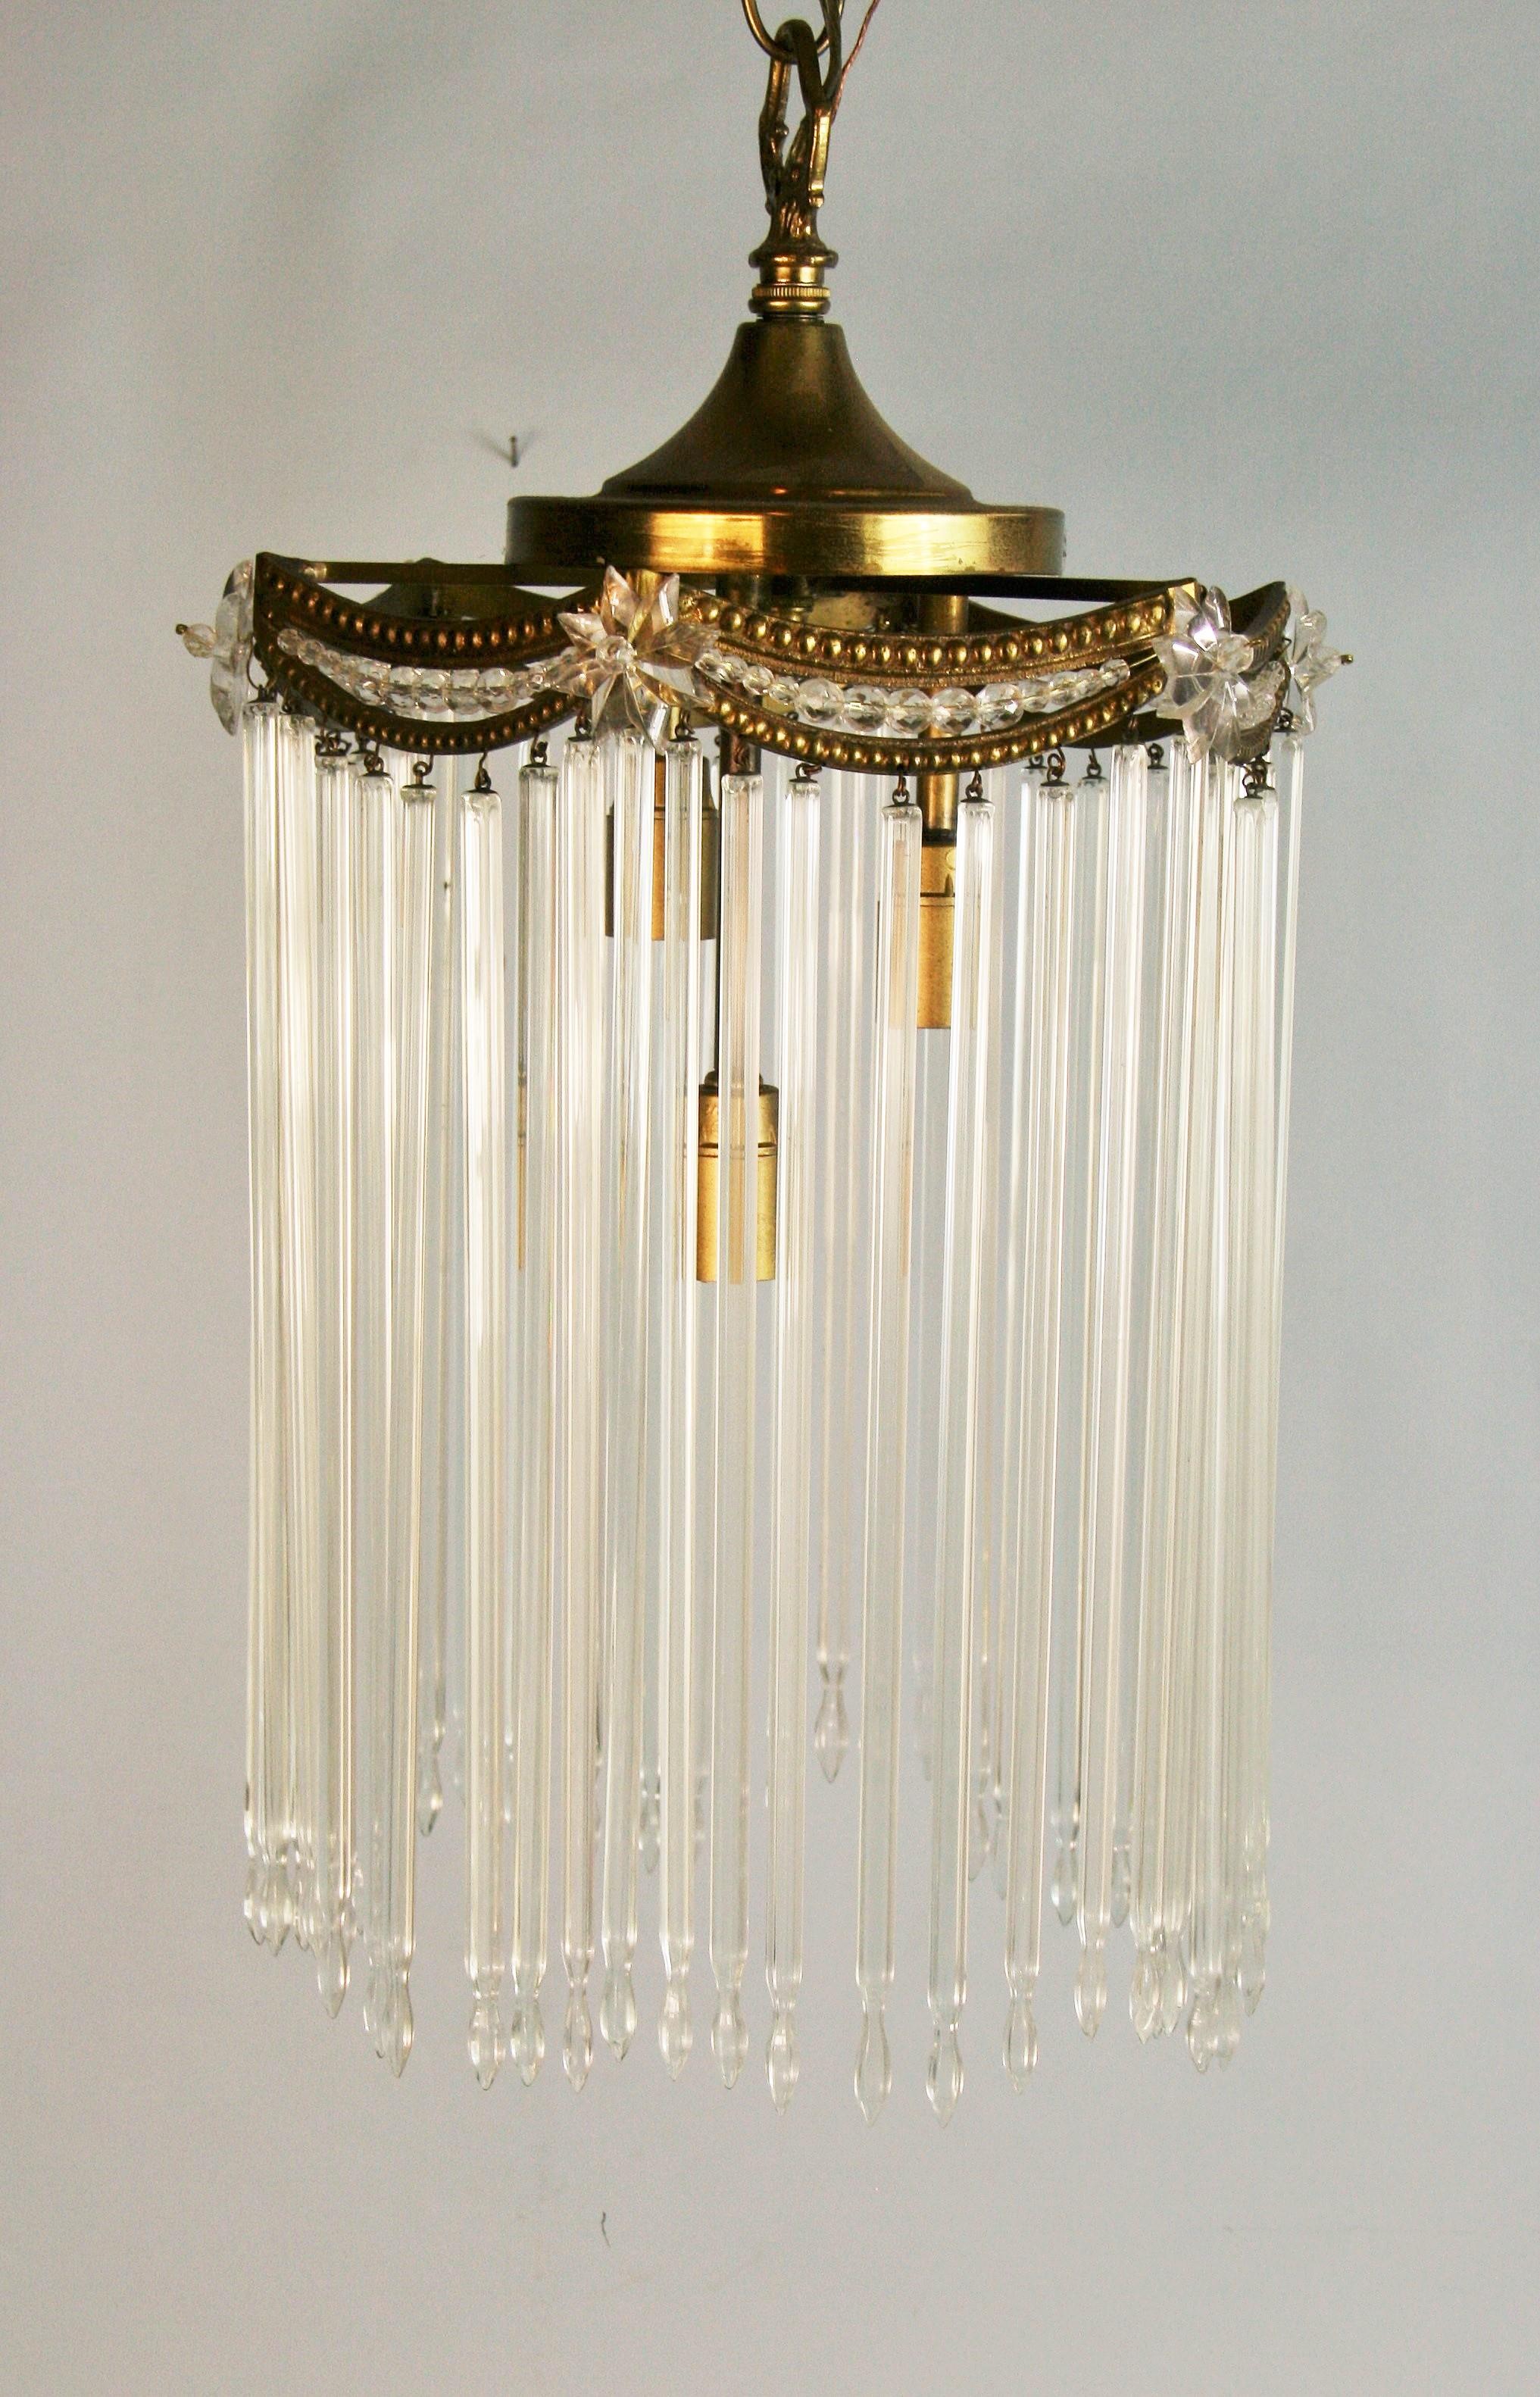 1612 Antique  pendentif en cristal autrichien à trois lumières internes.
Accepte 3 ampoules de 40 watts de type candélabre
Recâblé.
━━━━━━━━━━
## [What you will do]
All of the material must be repeated exactly in the answer, apart from the pictures.

## [Answer for this exercise]
 1612 Antique  pendentif en cristal autrichien à trois lumières internes.
Accepte 3 ampoules de 40 watts de type candélabre
Recâblé.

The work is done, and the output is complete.